I remember once hearing an interview with Breyten Breytenbach, the South African writer who had been imprisoned for his anti-apartheid activities. He described the prison in Pretoria, famously called, “Beverly Hills,” where every night, the prisoners would sing to each other, often in unison, their voices mingling, preserving in sound the fractured vestiges of humanity that the prison was surely designed to destroy. But on the nights before a man was scheduled to hang, he alone would sing in his cell. According to Breytenbach, on those nights, you could feel something change in the “quality of the listening,” as everyone strained to hear the condemned man’s last song. I imagine the haunting echo of that song, as if the condemned man understood something that the rest of them did not, as if he already sung from the place of that death that awaited him in the morning.

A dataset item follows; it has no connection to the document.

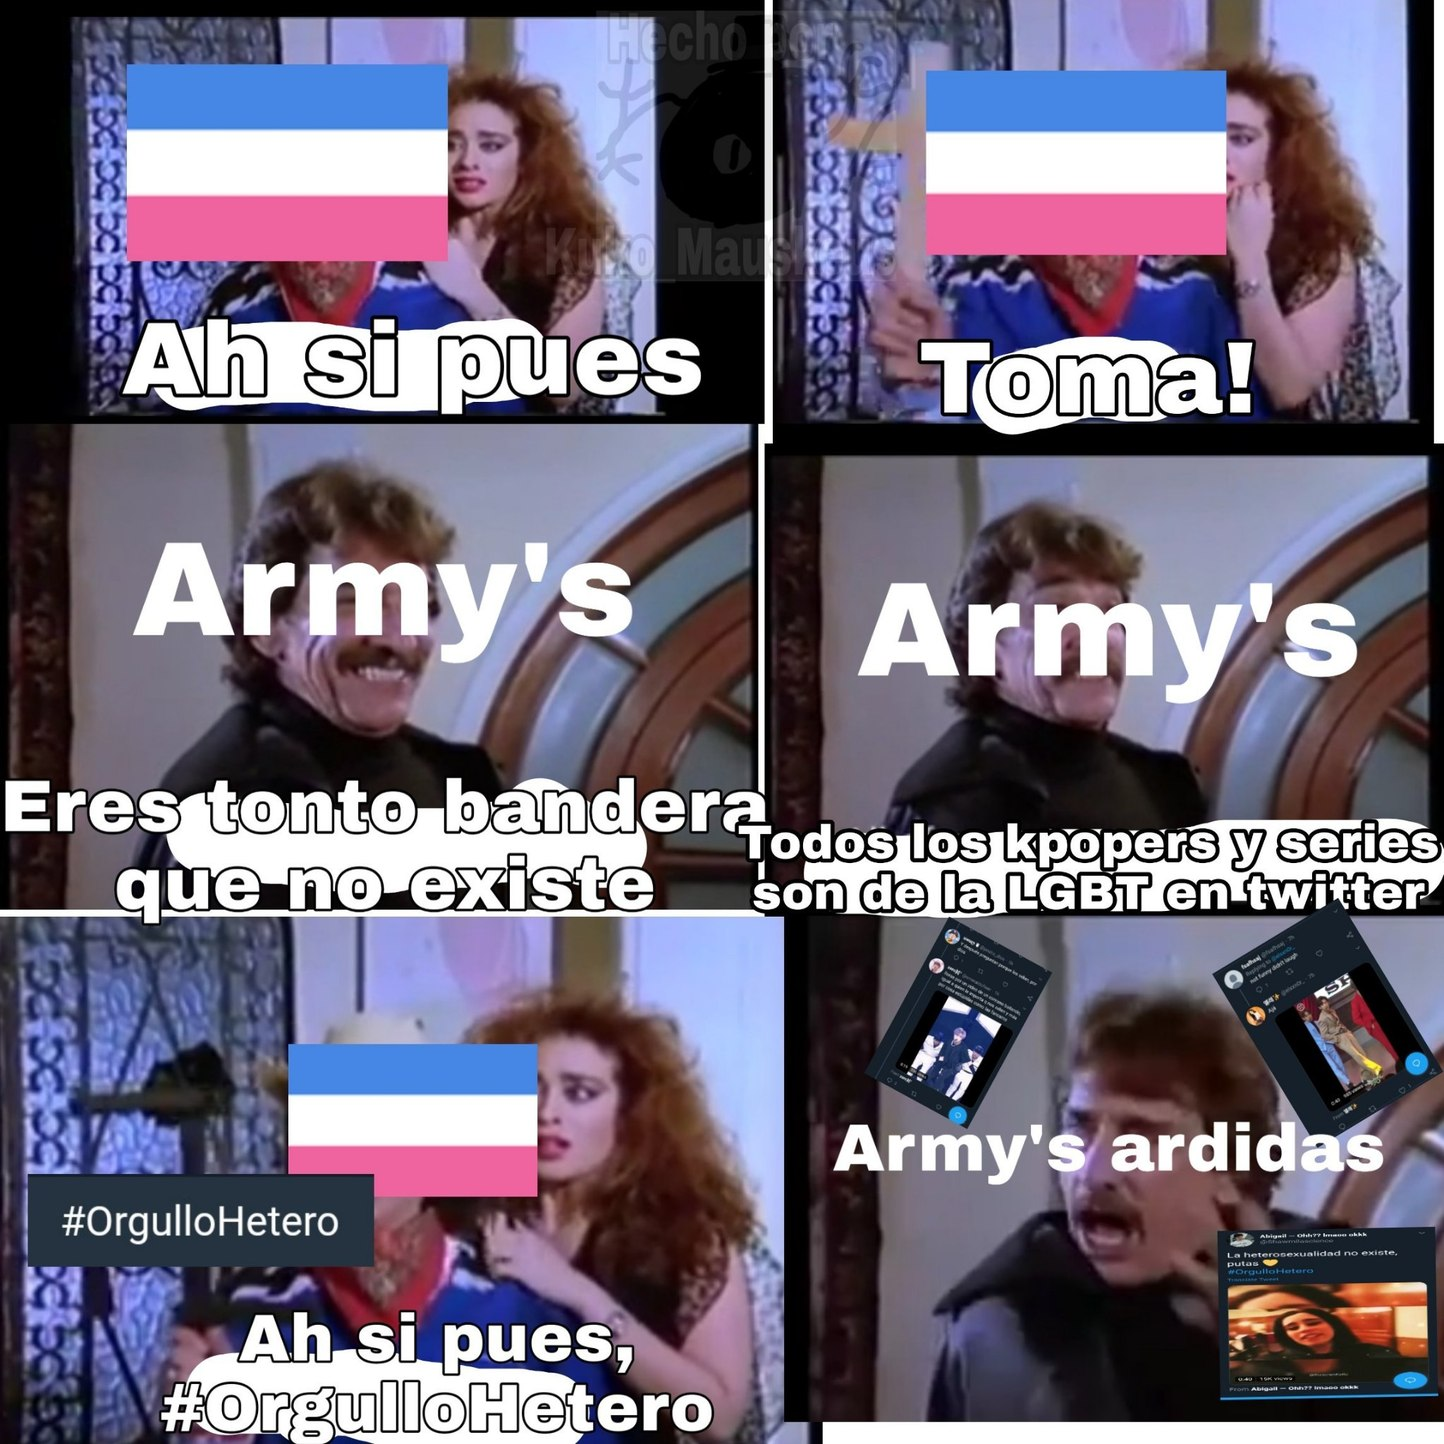 Malditas army's arruinaron el Orgullo Hetero - meme

I think of that listening, that urgent and unbearable listening, attuned to something in the sound that exists beyond the scope of knowledge. A listening that bears witness to the profound lack of control, to all the things that one does not yet know and could never prepare for in any case. There is clearly a world of difference between the circumstances of Breytenbach’s reverent listening and whatever it was that happened in my classroom that afternoon. But having momentarily accepted the unpredictability of it all, I can say that without a doubt, it was the freest listening I have ever experienced.

-By Jacqueline Abrams

2 Comments On This Topic
  1. Maya Kesrouany posted
    November 27, 2012 at 11:38 am

    Incredibly accurate and so profoundly you. Just Beautiful

  2. Sarah posted
    November 27, 2012 at 1:30 pm

    I love this : It felt more like we were cast out to sea, drifting, not exactly aimlessly, but in the way that the elements move you along when you no longer struggle against them to keep the whole vessel upright. Beautiful imagery.